Timestamp formats and time zones in Spark (scala API)

18.6k views Asked by At

******* UPDATE ********

As suggested in the comments I eliminated the irrelevant part of the code:

My requirements:

  1. Unify number of milliseconds to 3
  2. Transform string to timestamp and keep the value in UTC

Create dataframe:

val df = Seq("2018-09-02T05:05:03.456Z","2018-09-02T04:08:32.1Z","2018-09-02T05:05:45.65Z").toDF("Timestamp")

Here the reults using the spark shell:

enter image description here

************ END UPDATE *********************************

I am having a nice headache trying to deal with time zones and timestamp formats in Spark using scala.

This is a simplification of my script to explain my problem:

 import org.apache.spark.sql.functions._

 val jsonRDD  = sc.wholeTextFiles("file:///data/home2/phernandez/vpp/Test_Message.json")

 val jsonDF =  spark.read.json(jsonRDD.map(f => f._2))

This is the resulting schema:

  root
 |-- MeasuredValues: array (nullable = true)
 |    |-- element: struct (containsNull = true)
 |    |    |-- MeasuredValue: double (nullable = true)
 |    |    |-- Status: long (nullable = true)
 |    |    |-- Timestamp: string (nullable = true)

Then I just select the Timestamp field as follows

jsonDF.select(explode($"MeasuredValues").as("Values")).select($"Values.Timestamp").show(5,false)

Timestamp with different milliseconds length

First thing I want to fix is the number of milliseconds of every timestamp and unify it to three.

I applied the date_format as follows

jsonDF.select(explode($"MeasuredValues").as("Values")).select(date_format($"Values.Timestamp","yyyy-MM-dd'T'HH:mm:ss.SSS'Z'")).show(5,false)

Milliseconds unified but time zone change

Milliseconds format was fixed but timestamp is converted from UTC to local time.

To tackle this issue, I applied the to_utc_timestamp together with my local time zone.

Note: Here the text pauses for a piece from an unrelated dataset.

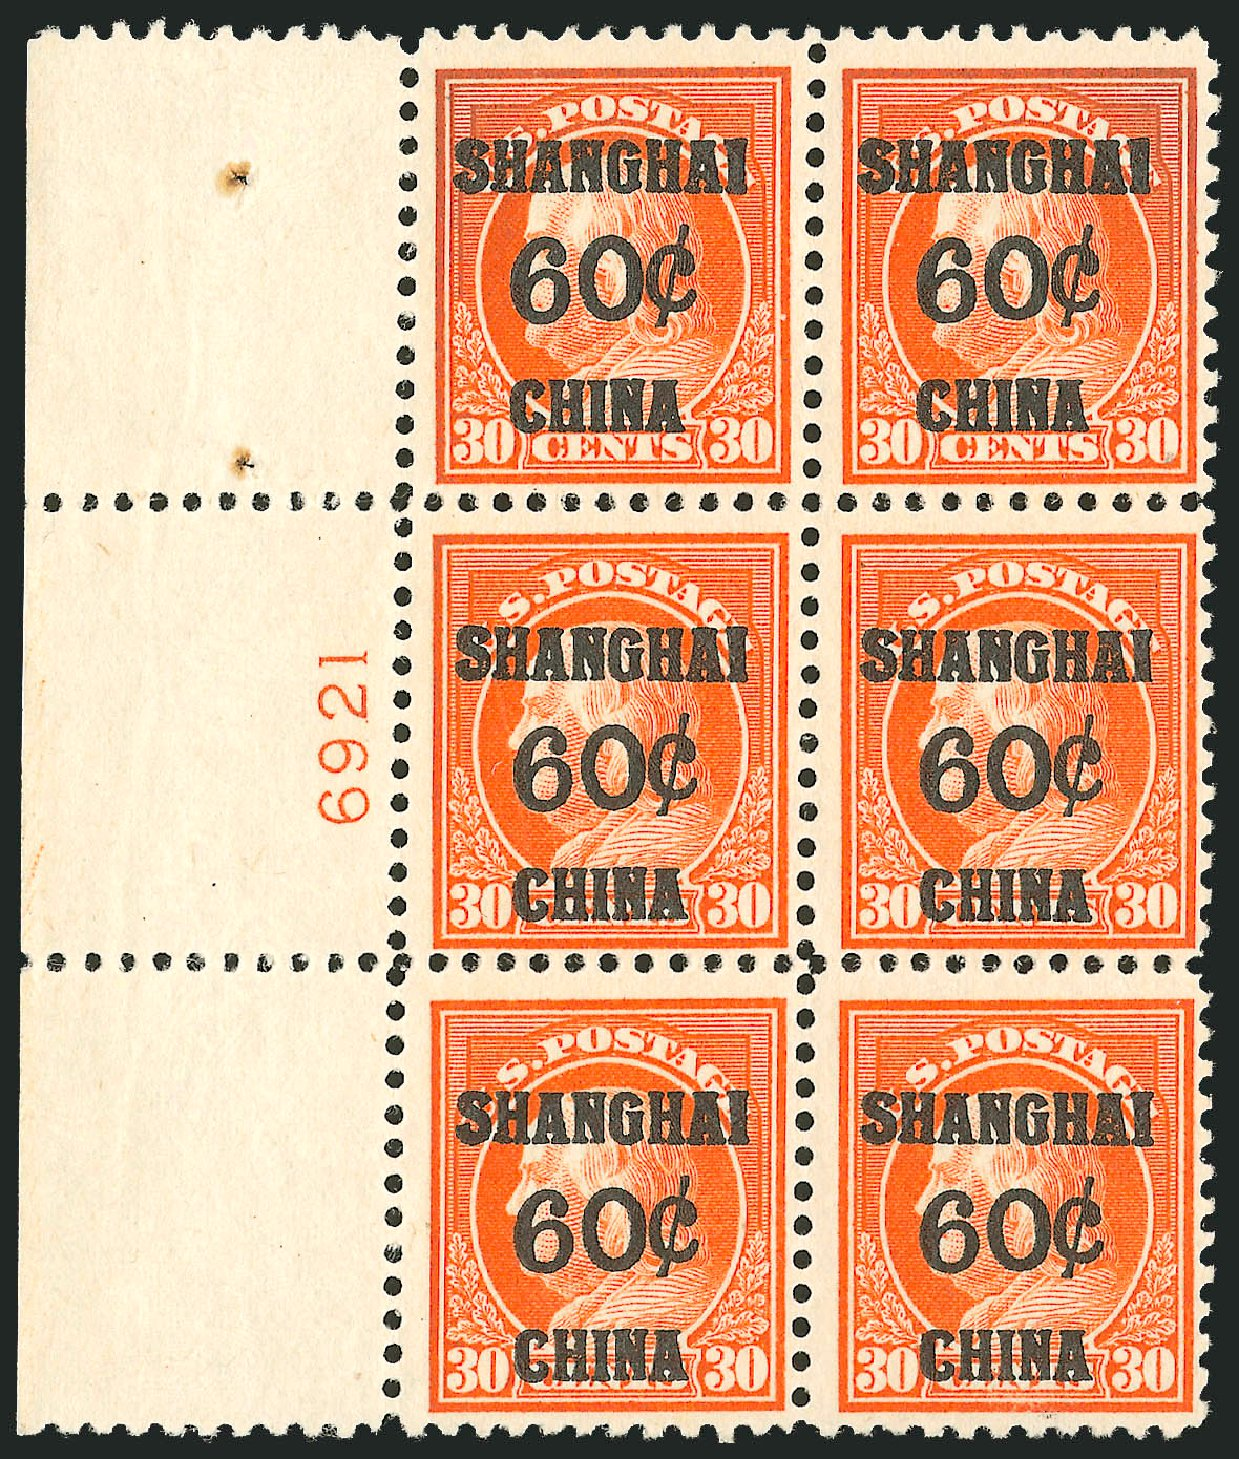 US Stamps Values Scott # K14 - 60c 1919 China Shanghai on 30c. Robert Siegel Auction Galleries, Jun 2012, Sale 1026, Lot 1536
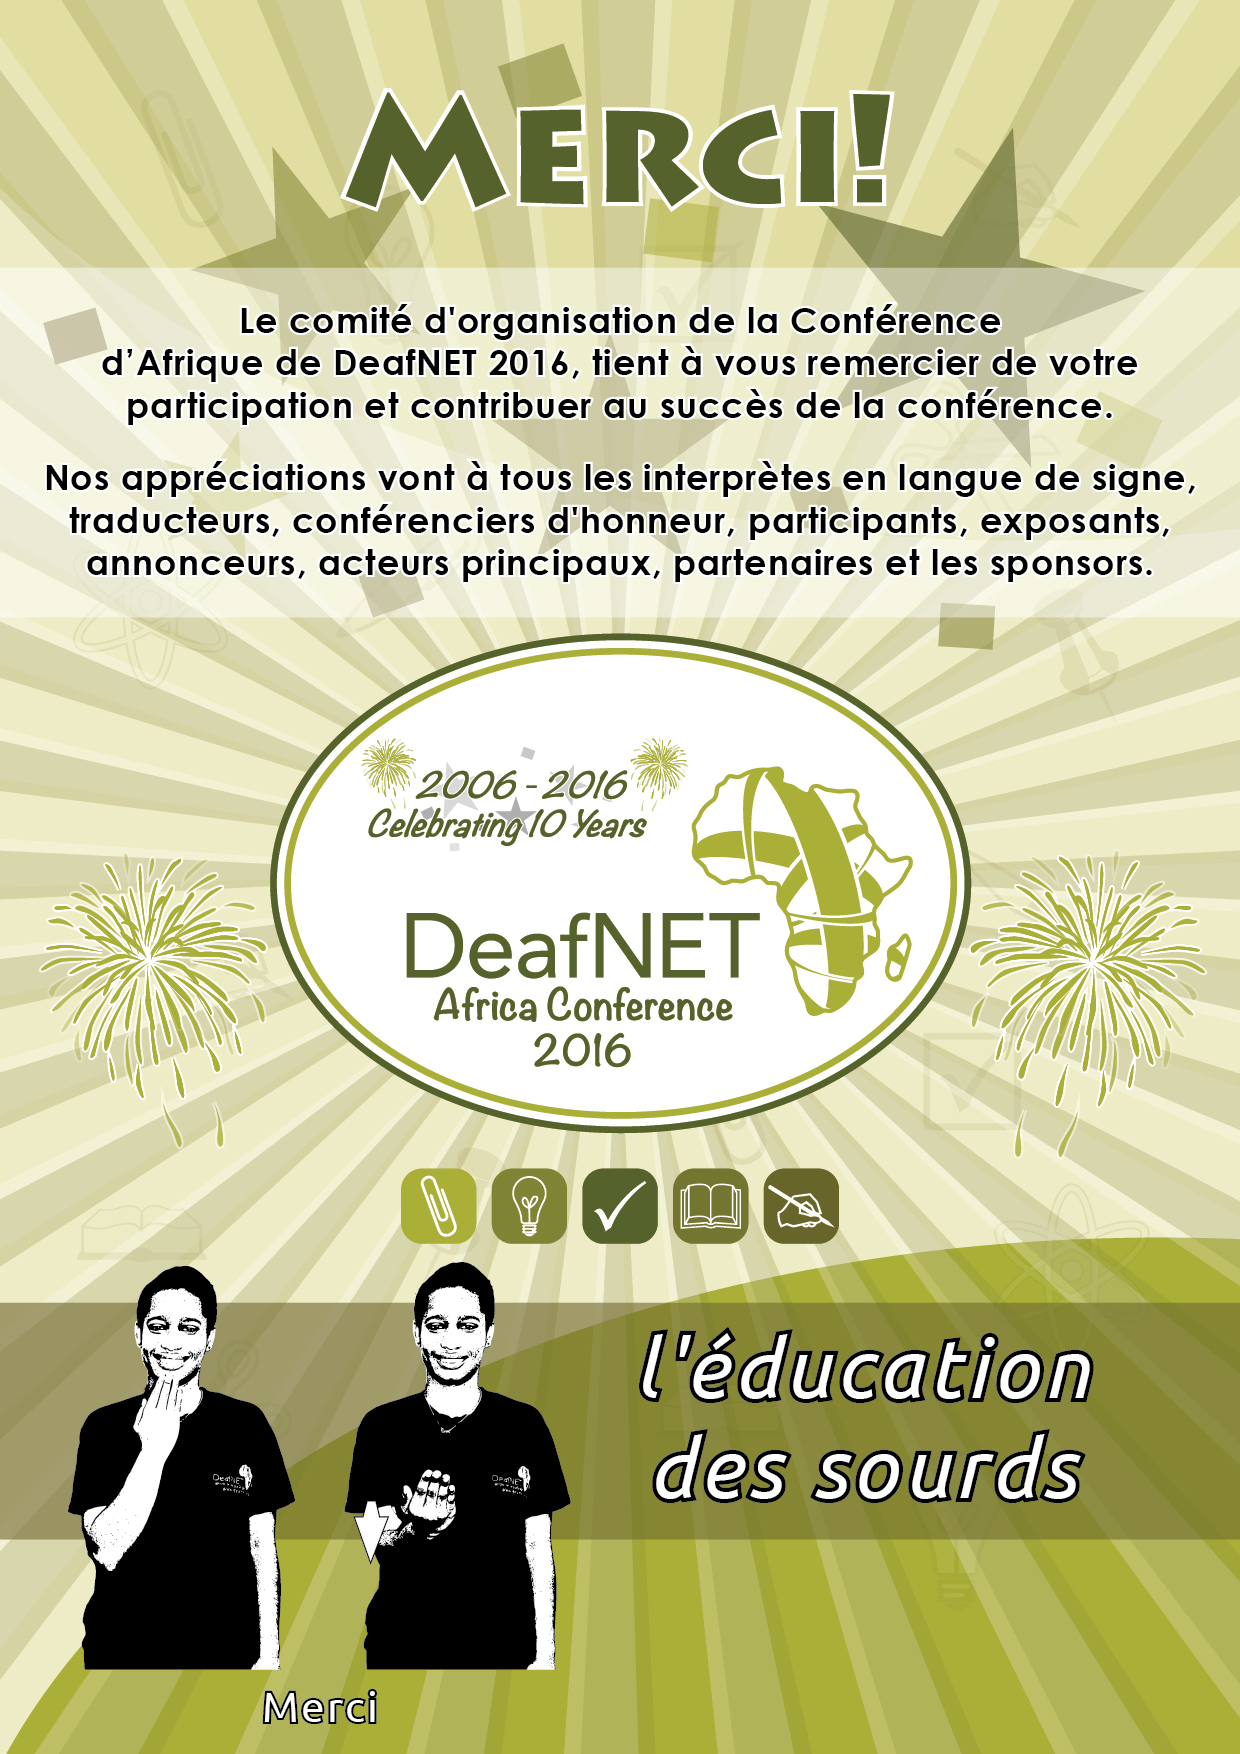 DeafNET 2016 Africa Conference MERCI

jsonDF.select(explode($"MeasuredValues").as("Values")).select(to_utc_timestamp(date_format($"Values.Timestamp","yyyy-MM-dd'T'HH:mm:ss.SSS'Z'"),"Europe/Berlin").as("Timestamp")).show(5,false)

to_utc_timestamp output

Even worst, UTC value is not returned, and the milliseconds format is lost.

Any Ideas how to deal with this? I will appreciated it

BR. Paul

1

There are 1 answers

2
Antot On BEST ANSWER

The cause of the problem is the time format string used for conversion:

yyyy-MM-dd'T'HH:mm:ss.SSS'Z'

As you may see, Z is inside single quotes, which means that it is not interpreted as the zone offset marker, but only as a character like T in the middle.

So, the format string should be changed to

yyyy-MM-dd'T'HH:mm:ss.SSSX

where X is the Java standard date time formatter pattern (Z being the offset value for 0).

Now, the source data can be converted to UTC timestamps:

val srcDF = Seq(
  ("2018-04-10T13:30:34.45Z"),
  ("2018-04-10T13:45:55.4Z"),
  ("2018-04-10T14:00:00.234Z"),
  ("2018-04-10T14:15:04.34Z"),
  ("2018-04-10T14:30:23.45Z")
).toDF("Timestamp")

val convertedDF = srcDF.select(to_utc_timestamp(date_format($"Timestamp", "yyyy-MM-dd'T'HH:mm:ss.SSSX"), "Europe/Berlin").as("converted"))

convertedDF.printSchema()
convertedDF.show(false)

/**
root
|-- converted: timestamp (nullable = true)

+-----------------------+
|converted              |
+-----------------------+
|2018-04-10 13:30:34.45 |
|2018-04-10 13:45:55.4  |
|2018-04-10 14:00:00.234|
|2018-04-10 14:15:04.34 |
|2018-04-10 14:30:23.45 |
+-----------------------+
*/

If you need to convert the timestamps back to strings and normalize the values to have 3 trailing zeros, there should be another date_format call, similar to what you have already applied in the question.